Species of water lily

Nymphaea gracilis is a species of waterlily endemic to Mexico. It is the only species of its genus which is endemic to Mexico.

==Description==
===Vegetative characteristics===
Nymphaea gracilis has very short, subglobose rhizomes densely covered with fibrous roots. The petiolate, glabrous, orbicular floating leaves with dentate margins are 35–40 cm long, and 28–35 cm wide. The adaxial leaf surface is bright green, and the abaxial leaf surface is suffused with purple colouration. The terete, 1.2 cm wide petiole is 60–150 cm long.

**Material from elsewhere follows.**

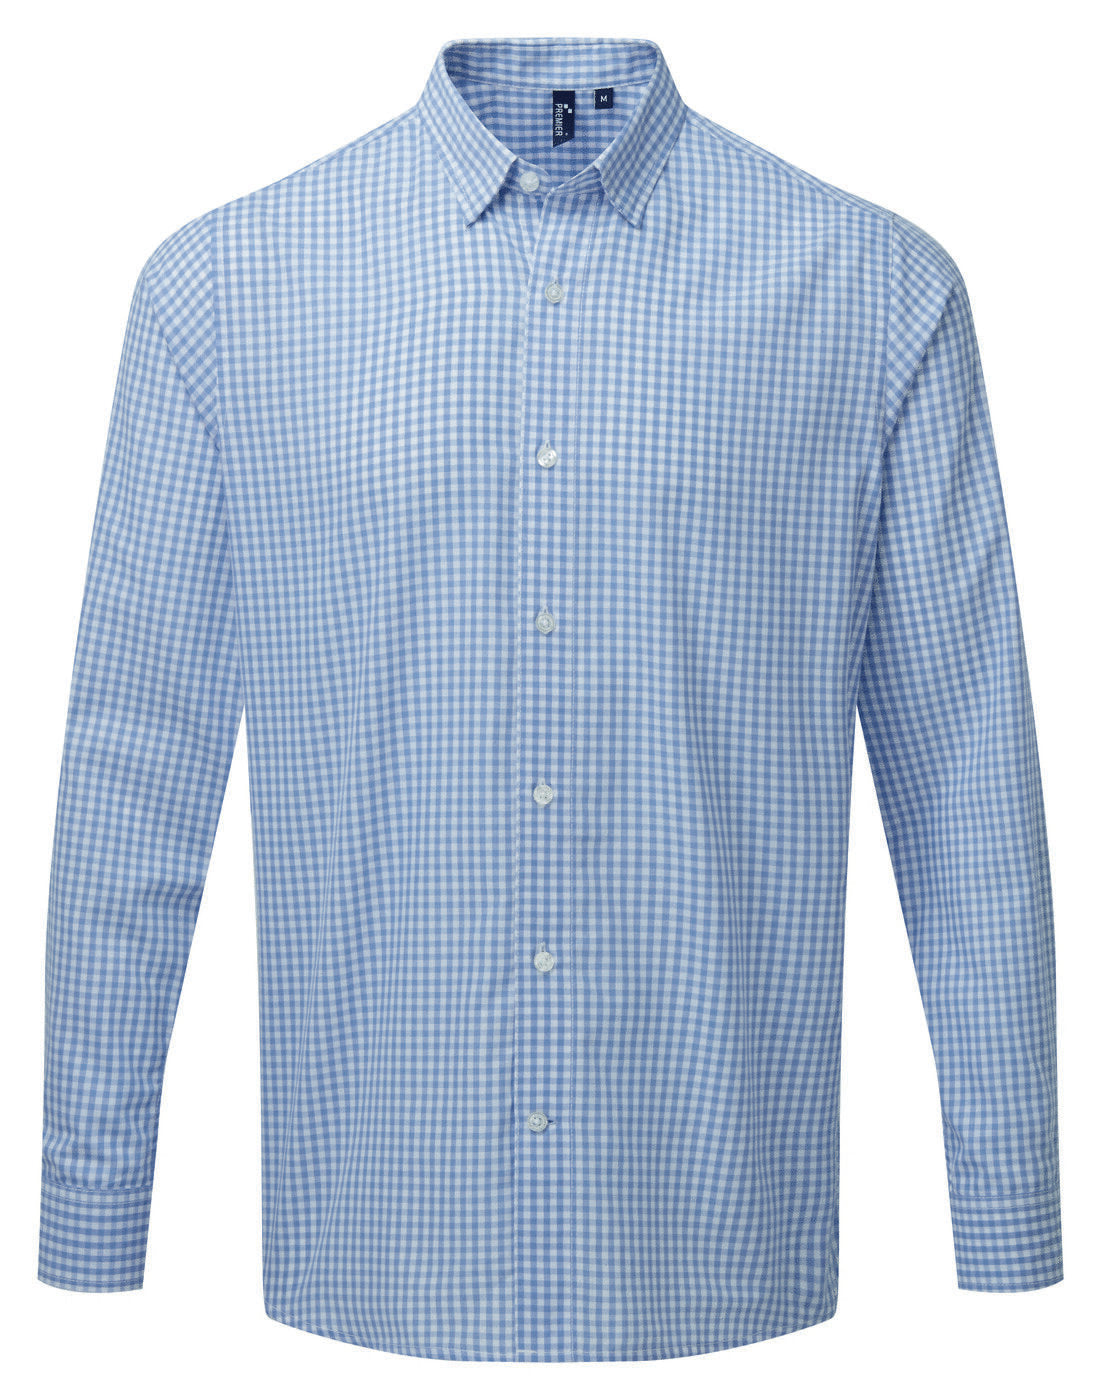 Premier 'Maxton' Check - Men's Long Sleeve Shirt

===Generative characteristics===
The flowers are 8–10 cm wide, and extend up to 20–40 cm above the water surface. They have four lanceolate, green sepals and 18-20 white sepals. The androecium consists of 60 stamens. The gynoecium consists of 12-15 carpels. The globose 2–3.5 cm wide fruit bears arillate seeds with a reticulate testa, and trichomes.
The flowers are fragrant.

==Cytology==
===Generative reproduction===
Nymphaea gracilis is facultatively xenogamous.

==Taxonomy==
===Publication===
It was first described by Joseph Gerhard Zuccarini in 1832.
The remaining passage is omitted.